4.1.4 The SIDCOT flying suit
The first design break in protective aviation clothing came in 1916. RNAS Squadron No. 8 pilot, Sidney Cotton, discovered that his dirty working overall protected him from cold after an hour of flying better than the standard weatherproof flying coats used then. So he had Robinson & Cleaver designed for him a three-layer suit, which came to be known as the SIDCOT Flying Suit (Rood, 2014). Its three layers consisted of a thin fur lining, an airproof silk, and an outer light Burberry material; all manufactured in a single piece like his overalls. It met all requirements for protection against cold, which was then the primary threat. It helped tolerate temperatures as low as -50oC. Fug boots, which added protection to the legs, were discarded, too. However, their use was extended among pilots who patrolled the Northwest Frontier of India in 1918 while flying the Handley Page V1500 bomber, which also involved clearing many mountain ranges in the Middle East and the Far East.
4.1.5 The electrically heated waistcoat (and gloves)

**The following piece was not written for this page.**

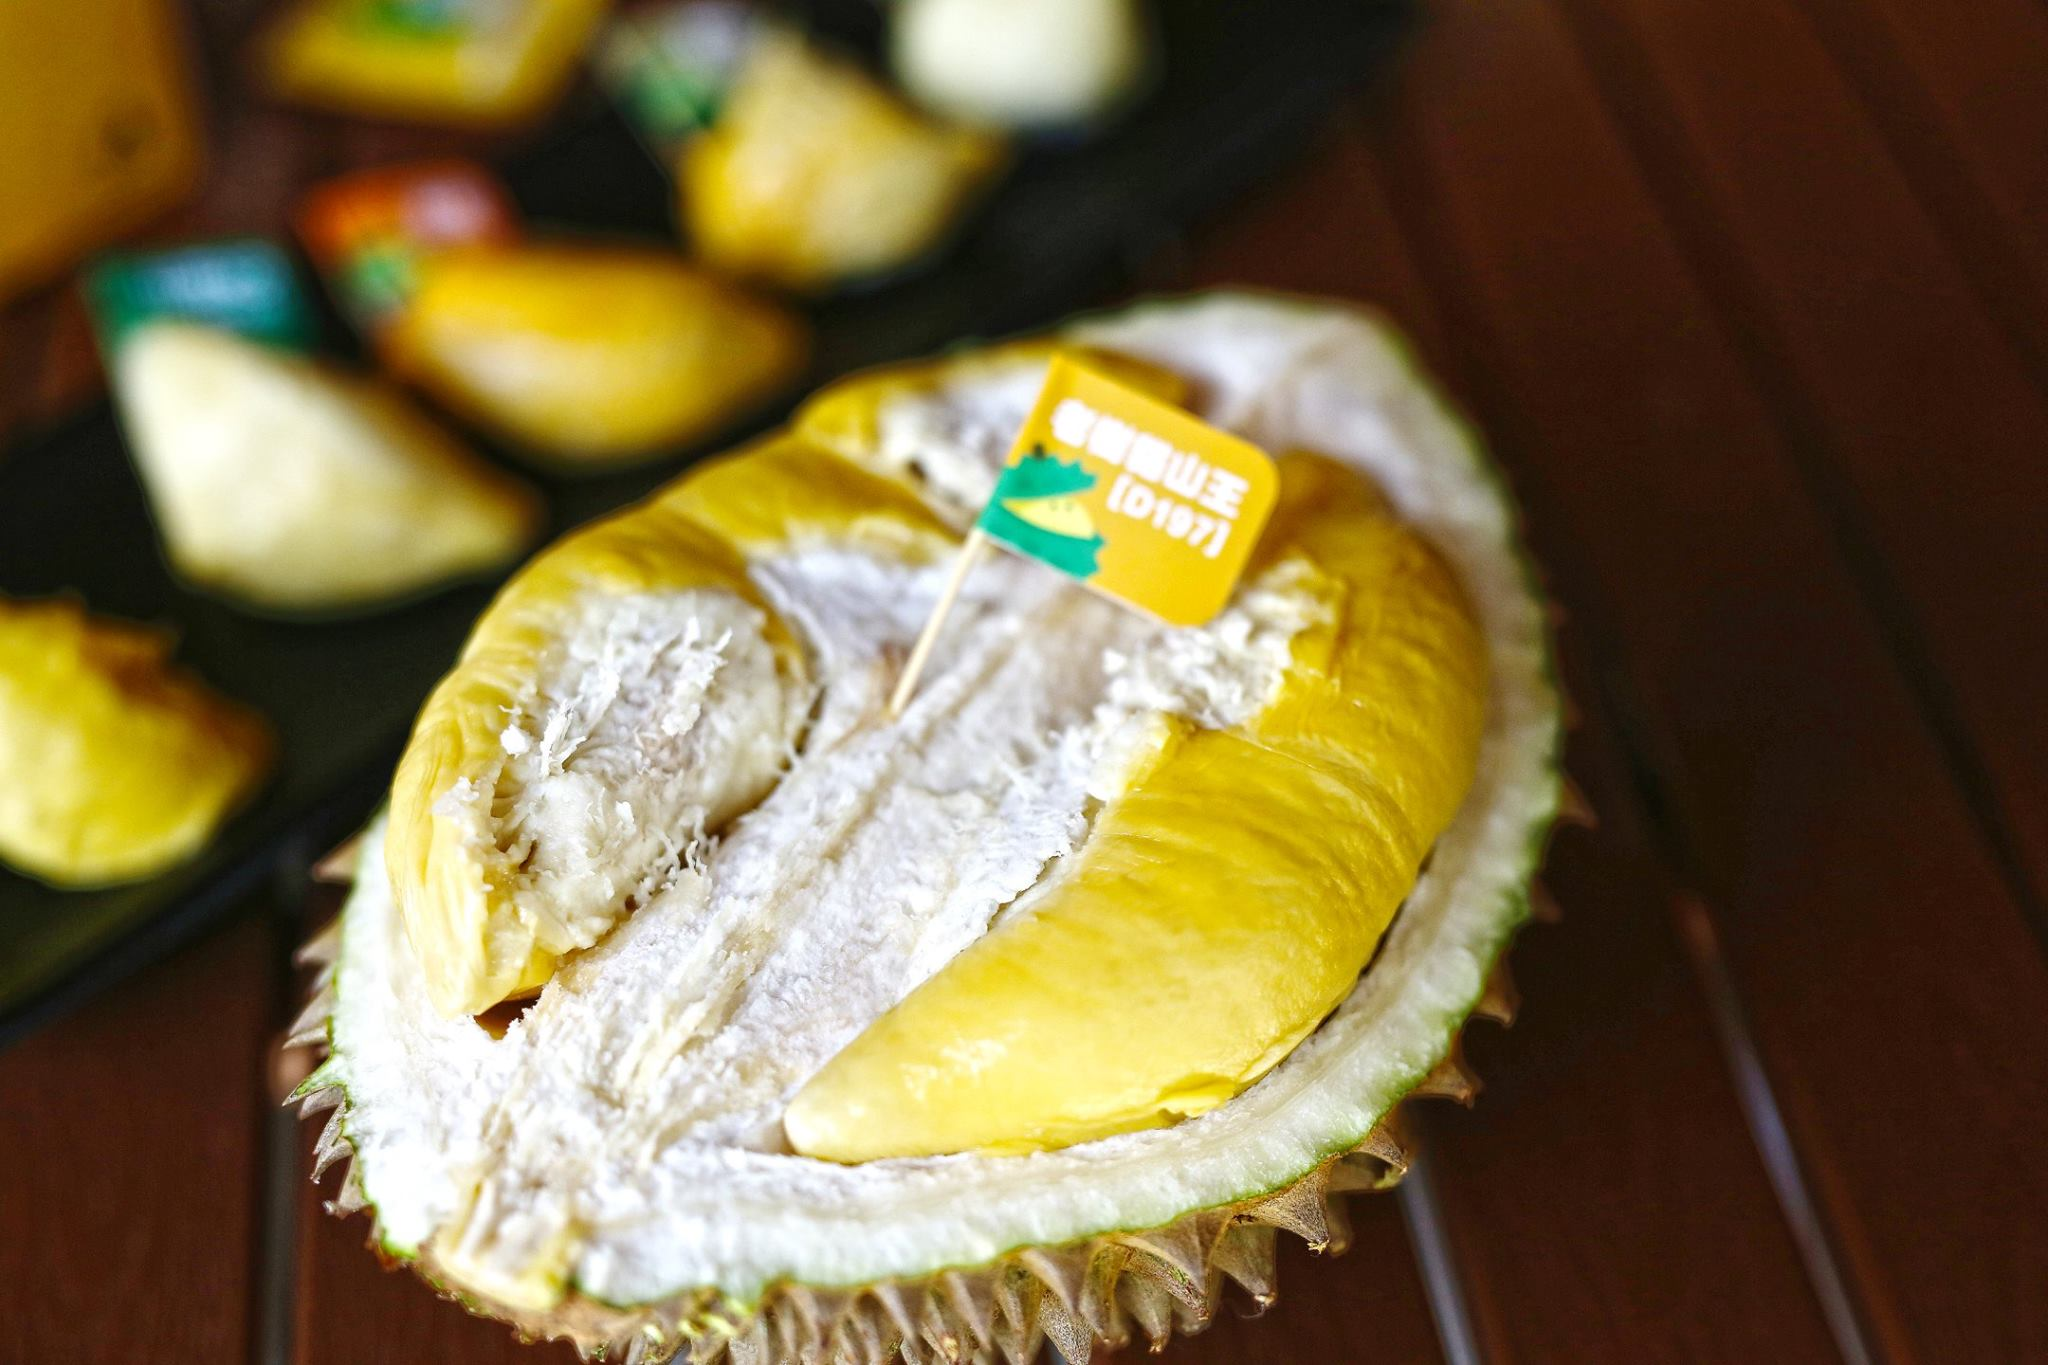 Top 3: Hack It Durian!

The first attempt to use electrically heated protective clothing came with the increased altitude ceiling in aircraft flying to up to 18,000 feet above the ground (Rood, 2014). The Sopwith Pup, a British single-seater fighter biplane produced by Sopwith Aviation in 1916, was allowed to reach 17,000 feet. The French fighter biplane, Spad S.IV, was allowed to fly at 18,000 feet. This ceiling increase led to long hours of patrolling and cold soaks at high altitudes. The issued new protective suit comprised the electrically heated waistcoat with gloves and a pair of boot soles, which was issued only to half of the British pilots, primarily to selected bombers and high-altitude meteorological observers. They were not intended to replace the standard flying SIDCOT suit; but to be worn underneath. A small windmill generator, mounted on the wing struts, powered the waistcoat. It intended merely to better protect from cold exposure the most vulnerable parts of the pilots: the extremities. However, because it had no voltage regulator attached, it caused burns to the hands and fingers during dives when voltage generated surged. The gloves also caused wire breaks during continuous finger flexing. Moreover, the mica-heated sole inserts tend to crack. Nevertheless, when the heating systems worked, respite from cold provided acceptable comfort. During the Battle of Britain, the heating system was developed around the Irvin suit with the jacket and trousers heated indirectly through the wiring sewn into the jacket to the sleeves where plugs connected to the electrical source. Extended flights required an electrically heated waistcoat. Electrically heated waistcoats, however, disappeared with the SIDCOT suits in the late World War II when closed cockpit and cabin heating systems came.
4.1.6 The RAF 1940-pattern suit
In 1940, a new standard-issue protective clothing kit came to be used. It consisted of the RAF 1930-pattern flying suit, this time, fitted with a detachable fur collar (and an optional quilted lining), a large pocket on each knee, and a zip fastener (Rood, 2014). All these were worn over the standard service uniform.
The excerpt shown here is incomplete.